Multimodal Gender Fairness in Depression Prediction: Insights on Data from the USA & China.
Accepted version
Peer-reviewed
Repository URI
Repository DOI
Change log
Authors
Abstract
Social agents and robots are increasingly being used in wellbeing settings. However, a key challenge is that these agents and robots typically rely on machine learning (ML) algorithms to detect and analyse an individual’s mental wellbeing. The problem of bias and fairness in ML algorithms is becoming an increasingly greater source of concern. In concurrence, existing literature has also indicated that mental health conditions can manifest differently across gender and culture.
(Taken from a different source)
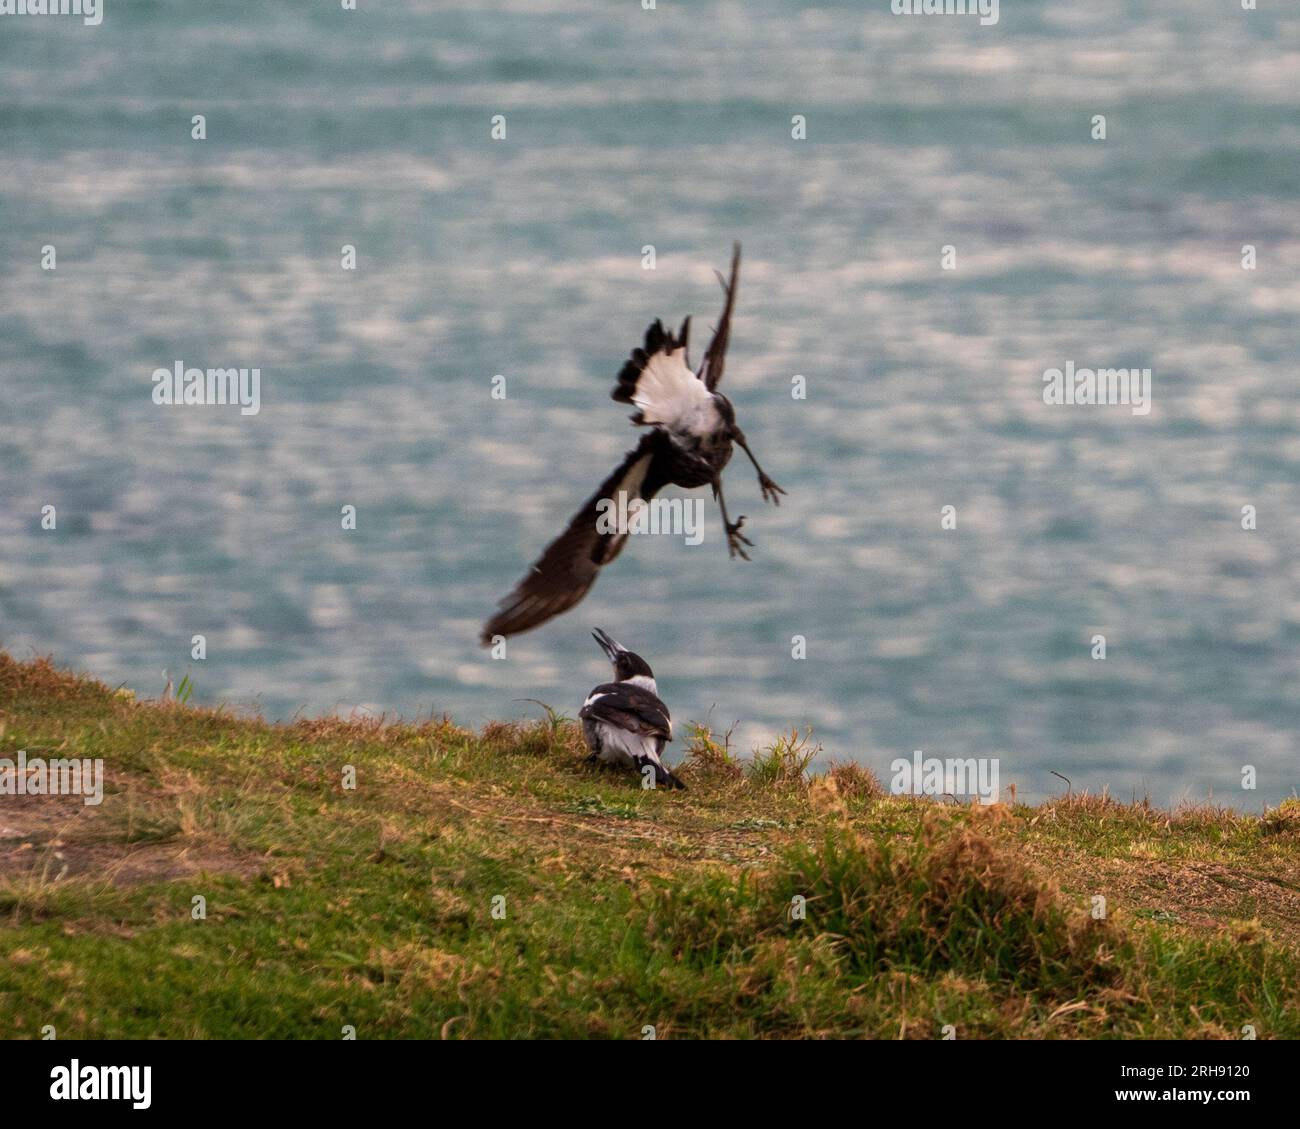 Young Australian Magpie swooping in towards another one under attack that is cowering slightly on the ground, juveniles play fighting Stock Photo
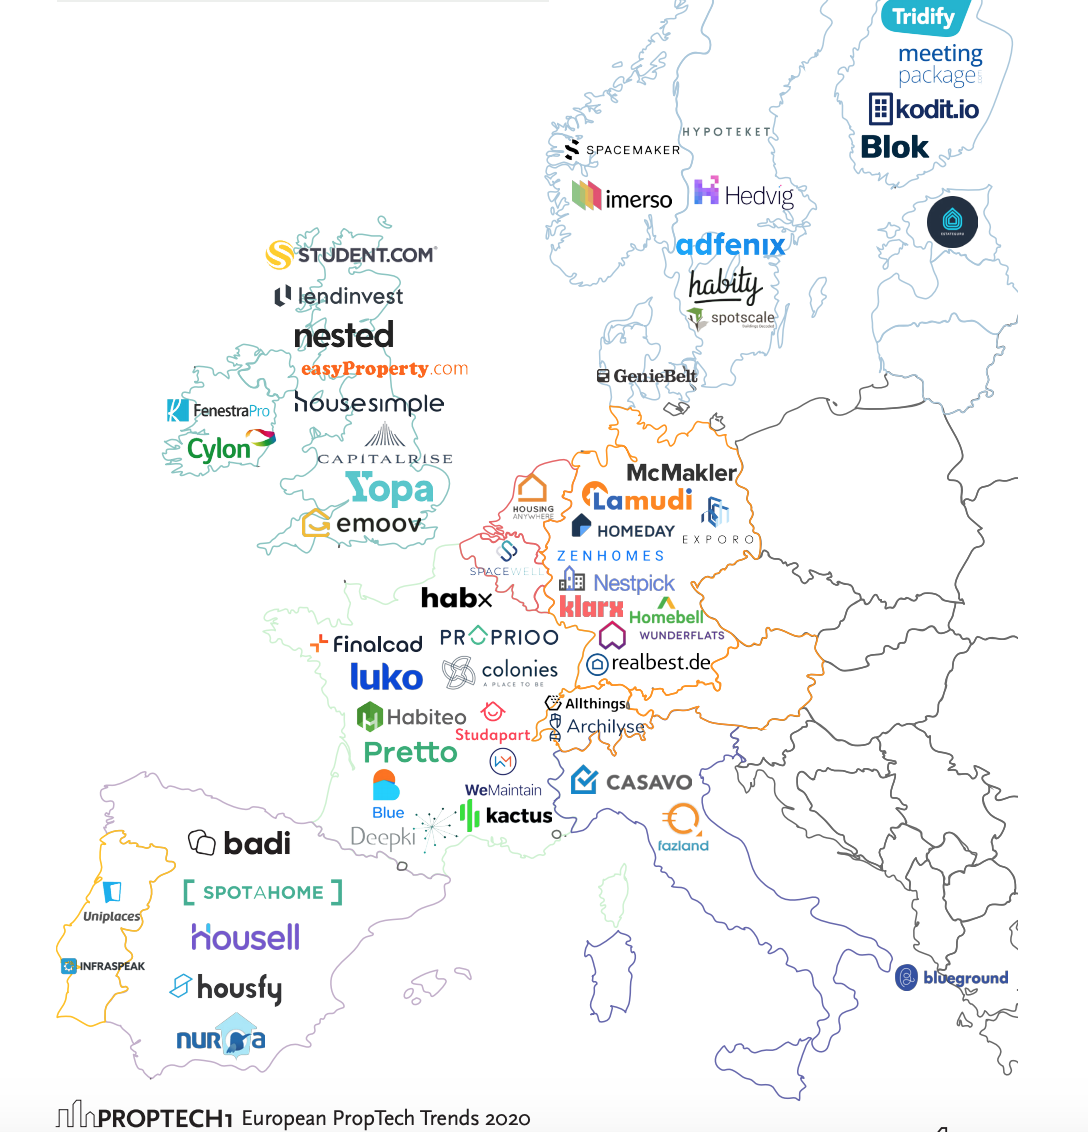 Best-funded proptech startups, European Proptech Trends 2020, Proptech1 Ventures, February 2020

We hypothesise that the representation of features (acoustic, textual, and visual) and their inter-modal relations would vary among subjects from different culture and gender, thus impacting the performance and fairness of various ML models. We present the very first evaluation of multimodal gender fairness in depression manifestation by undertaking a study on 2 different datasets from the USA and China. We undertake thorough statistical and ML experimentation and repeat the experiments for several different algorithms to ensure that the results are not algorithm-dependent. Our findings indicate though there are differences between both datasets, it is not conclusive whether this is due to the difference in depression manifestation as hypothesised or other external factors such as difference in data collection methodology. Our findings further motivate a call for more consistent and culturally-aware data collection process in order to address the problem of ML bias in depression detection and to promote the development of fairer agents and robots for wellbeing.